TASK MATERIAL:
┌────────
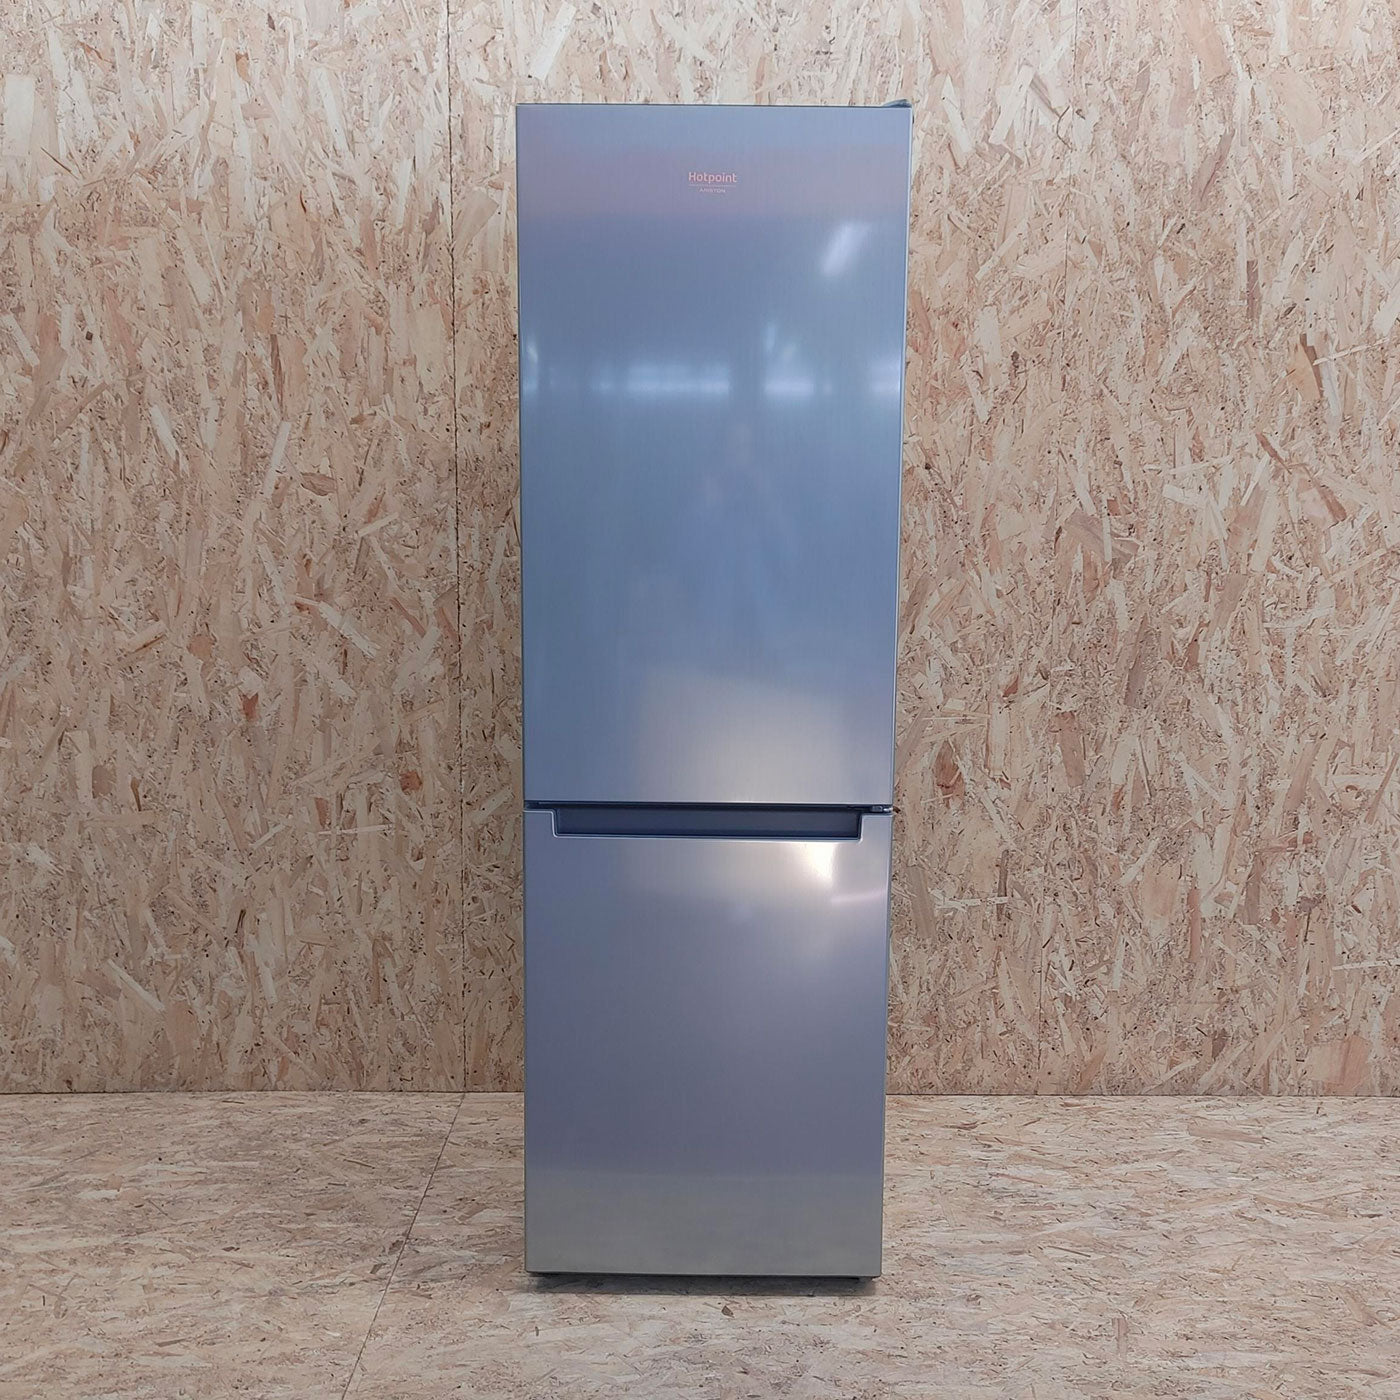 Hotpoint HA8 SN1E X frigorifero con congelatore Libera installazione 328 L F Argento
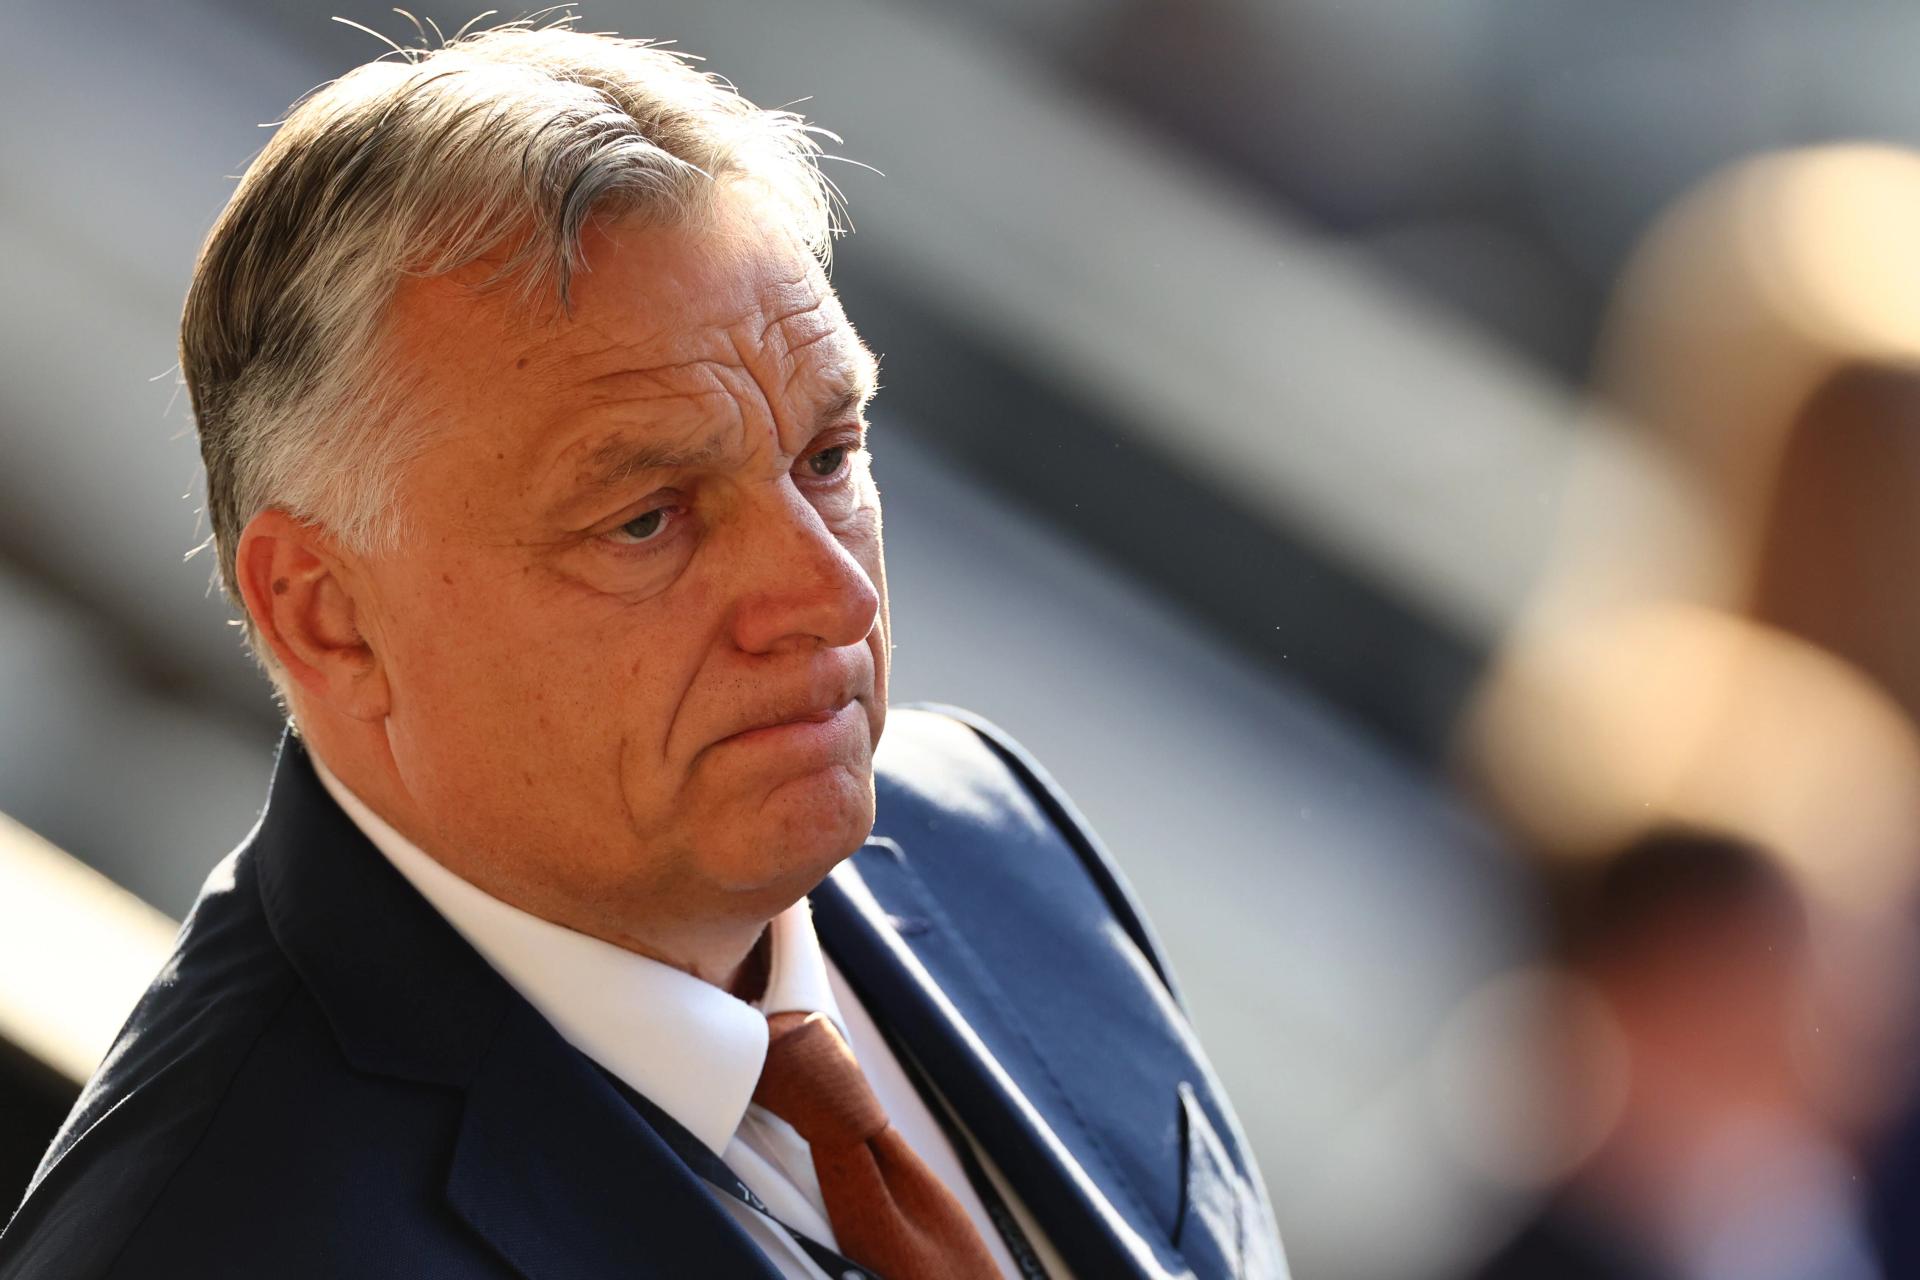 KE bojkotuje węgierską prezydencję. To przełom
└────────
┌────────
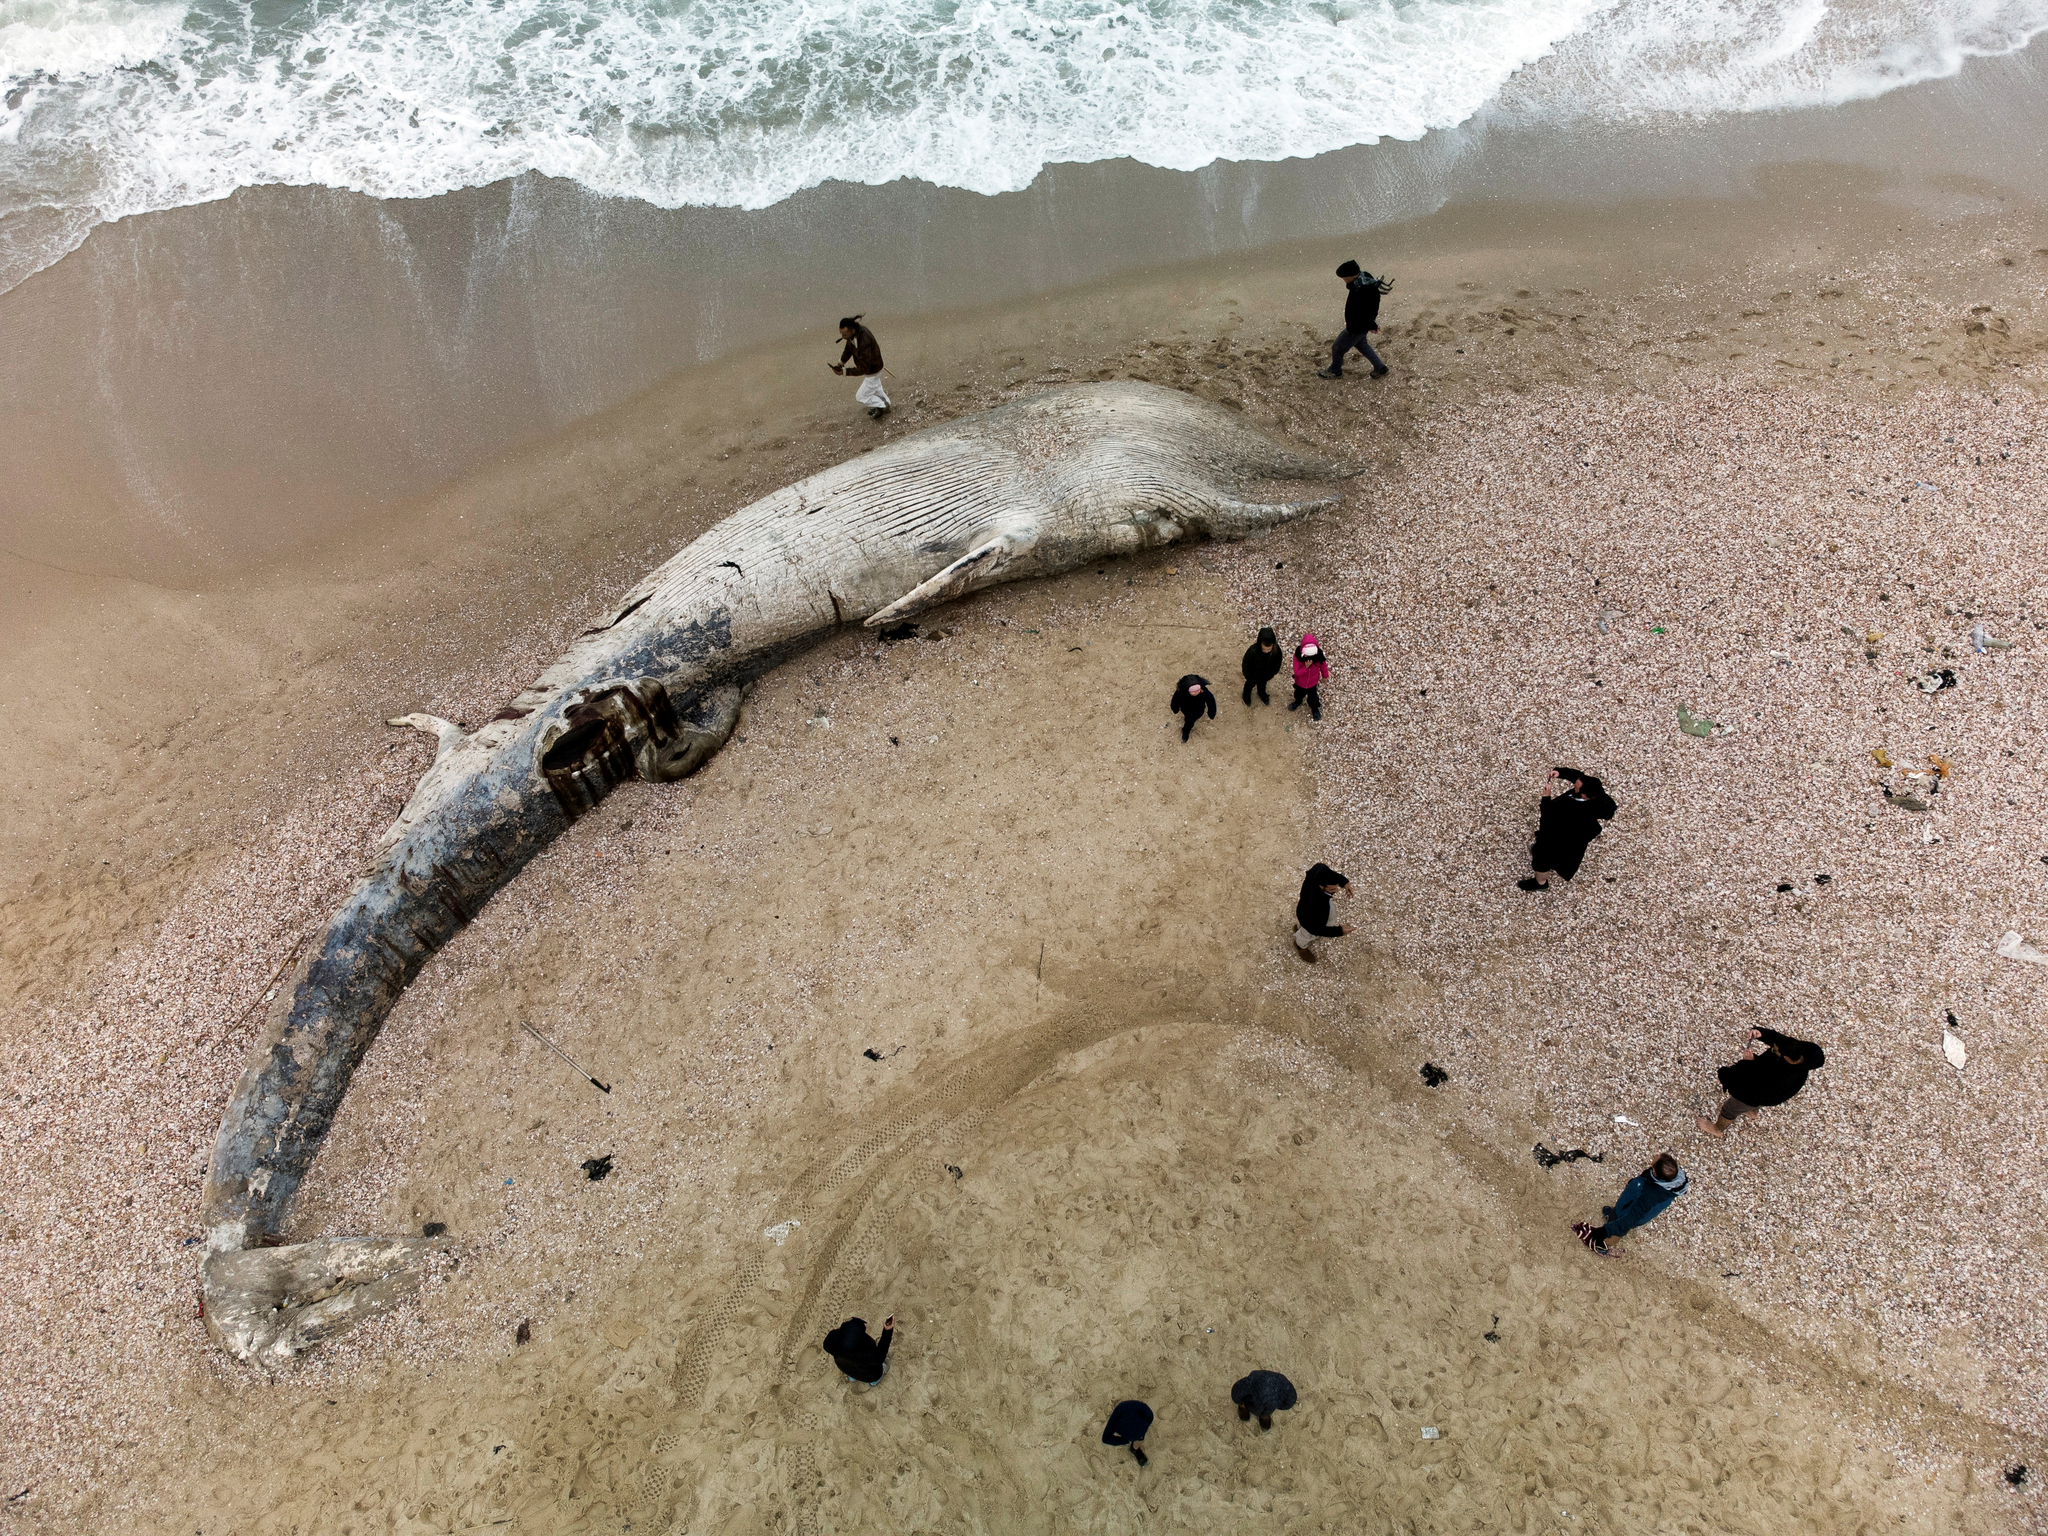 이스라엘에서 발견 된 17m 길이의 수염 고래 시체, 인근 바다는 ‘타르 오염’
└────────
┌────────
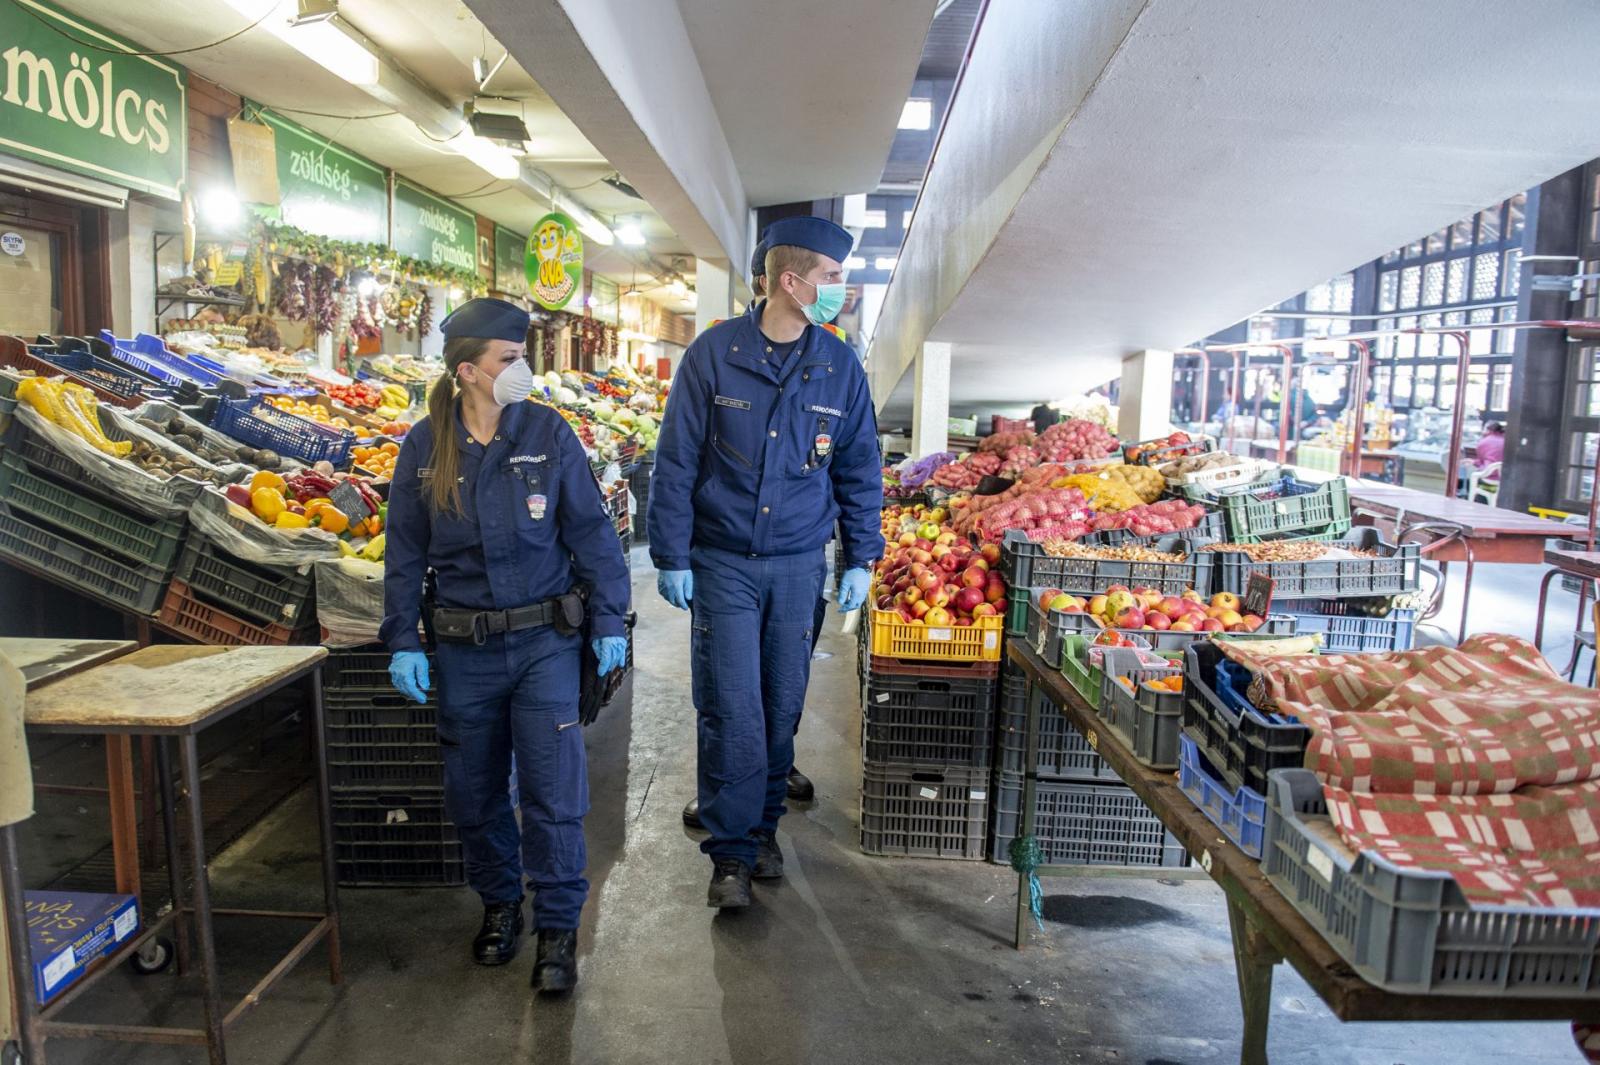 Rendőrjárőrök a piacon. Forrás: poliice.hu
└────────
EXERCISE DETAILS: From the material above, reproduce only what runs from the line holding "Hotpoint HA8 SN1E" down to the line holding "KE bojkotuje węgierską", both included, pictures excluded.

SOLUTION BELOW:
 Hotpoint HA8 SN1E X frigorifero con congelatore Libera installazione 328 L F Argento
 KE bojkotuje węgierską prezydencję. To przełom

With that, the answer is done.